Every line below between the line holding "THE INKEY LIST" and the line holding "1954 cadillac eldorado for sale classiccars", inclusive, should be repeated exactly, and all other lines omitted.

**TASK INPUTS**
%%

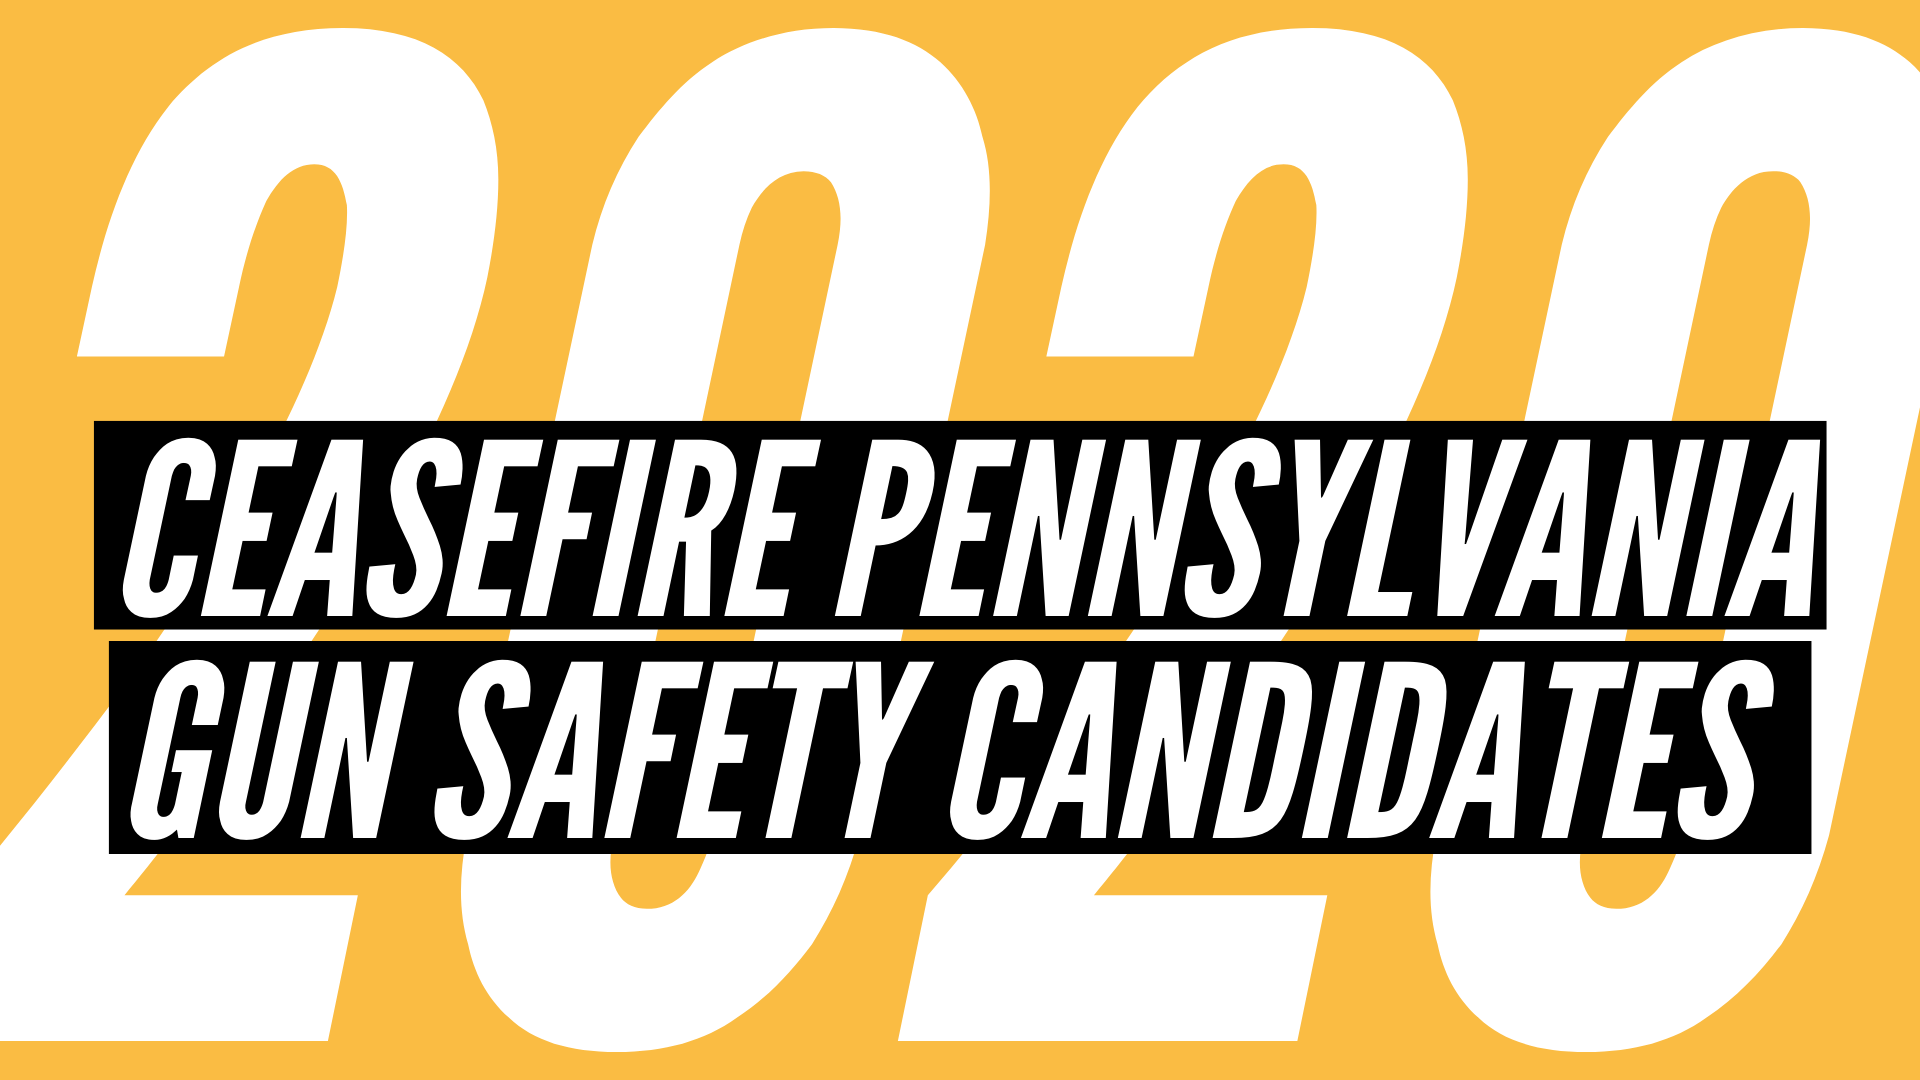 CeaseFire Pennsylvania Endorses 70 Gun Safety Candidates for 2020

%%
%%

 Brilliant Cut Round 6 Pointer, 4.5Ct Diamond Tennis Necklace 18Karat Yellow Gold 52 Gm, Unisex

%%
%%

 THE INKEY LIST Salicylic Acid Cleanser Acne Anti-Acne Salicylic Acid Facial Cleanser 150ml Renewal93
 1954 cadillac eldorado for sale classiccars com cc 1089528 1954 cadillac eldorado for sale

%%

**EXERCISE SOLUTION**
 THE INKEY LIST Salicylic Acid Cleanser Acne Anti-Acne Salicylic Acid Facial Cleanser 150ml Renewal93
 1954 cadillac eldorado for sale classiccars com cc 1089528 1954 cadillac eldorado for sale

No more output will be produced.